George Cosson (21 January 1876 – 15 June 1963) was an American politician.

Born in Laclede County, Missouri, on 21 January 1876, Cosson attended school in Manning, Iowa, and subsequently enrolled at Normal School at Valparaiso and the University of Iowa. He began working for Milwaukee Road as a station agent and operator between the ages of sixteen and twenty. Upon graduating from the University of Iowa College of Law in June 1898, Cosson moved to Audubon and began practicing law.
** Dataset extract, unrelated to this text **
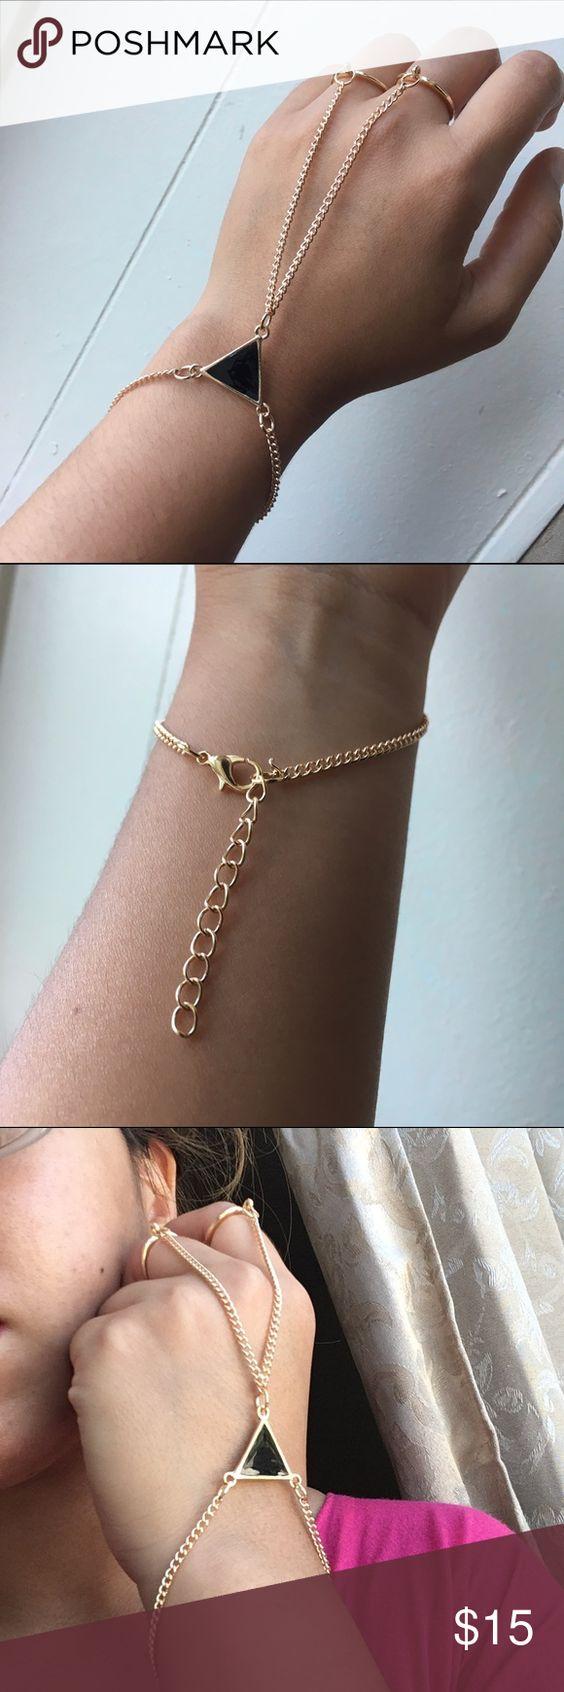 🦄Bracelet ring No brand. Never used. Still in packaging. Asos Jewelry Bracelets
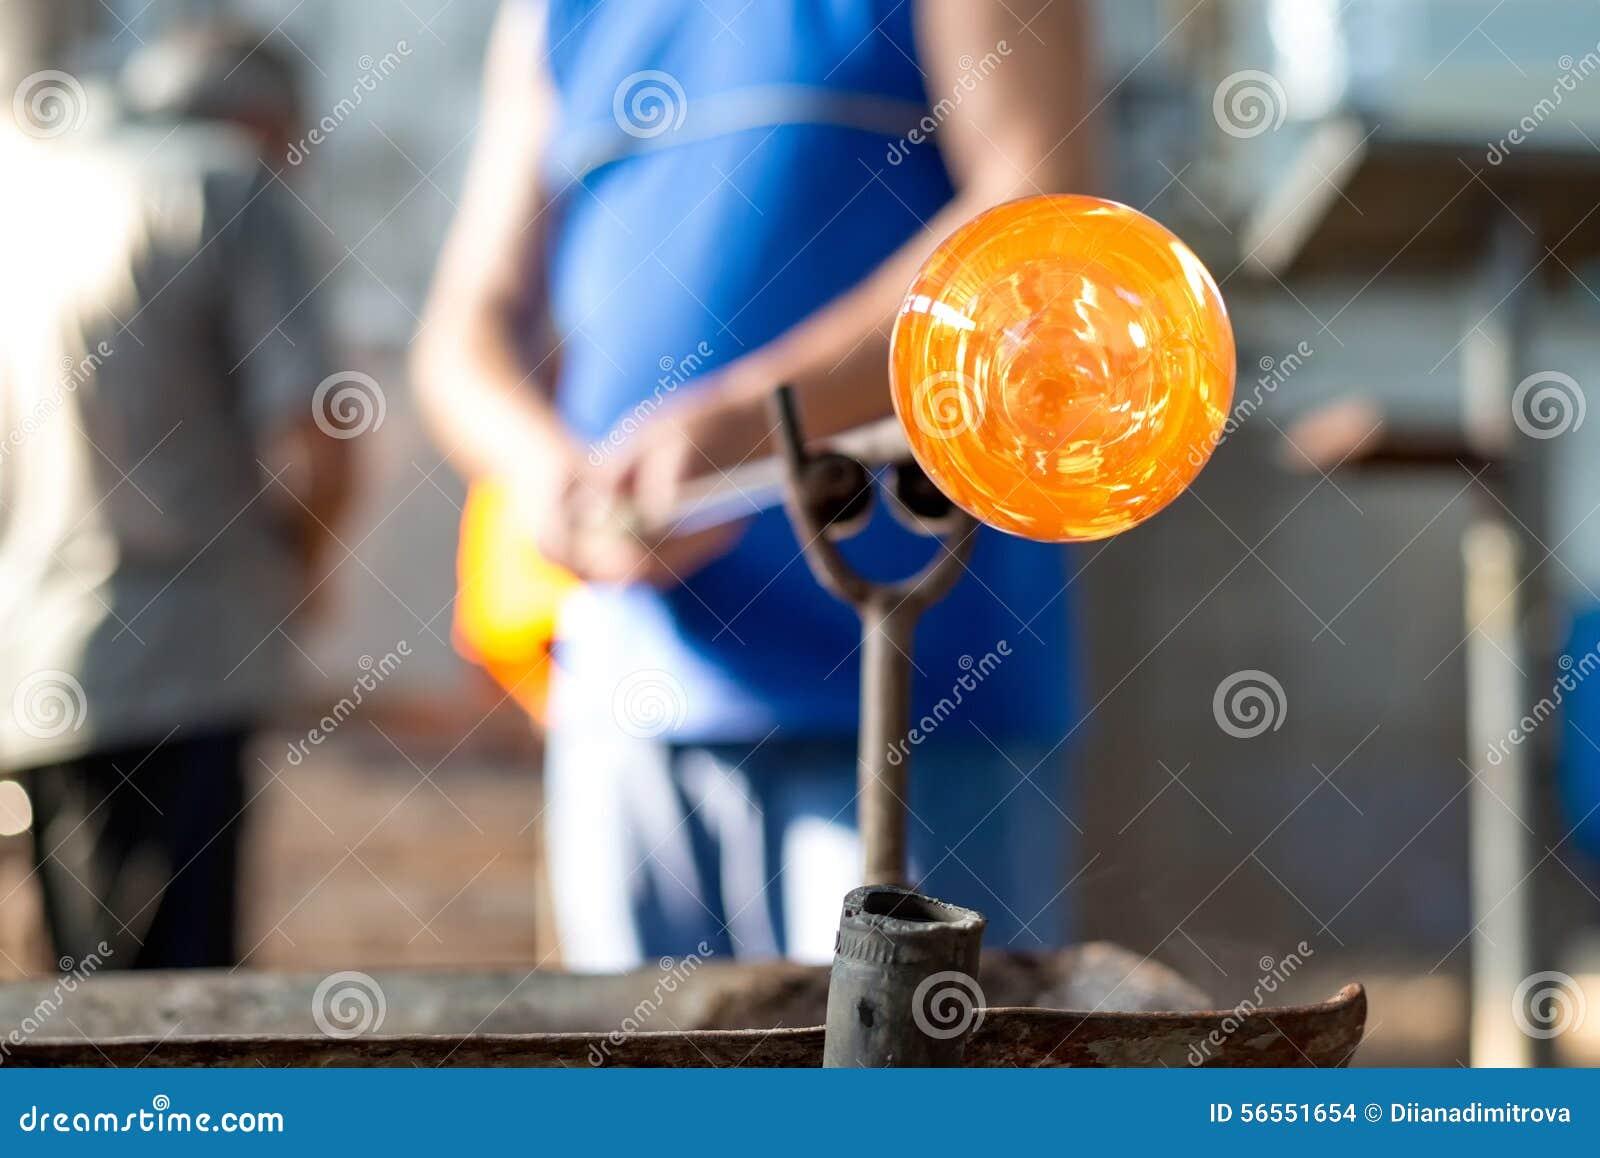 Download Χειροποίητοι αριθμοί του λειωμένου γυαλιού Στοκ Εικόνες - εικόνα από καλλιτεχνών, φλόγα: 56551654

Starting in 1904, Cosson served a single term as Audubon County attorney. In June 1907, he was appointed special counsel of Iowa, reporting to the state's attorney general, Howard Webster Byers. Cosson won the 1908 Iowa Senate election as a Republican candidate, and represented District 17 until 1911. He succeeded Byers as Attorney General of Iowa later that year, and served through 1917. He sought the Republican nomination for Iowa's 1916 gubernatorial election, losing to William L. Harding. Cosson contested the Republican nomination for the United States Senate seat held by Smith W. Brookhart in 1932. Henry Field secured the nomination and lost the general election to Richard L. Murphy.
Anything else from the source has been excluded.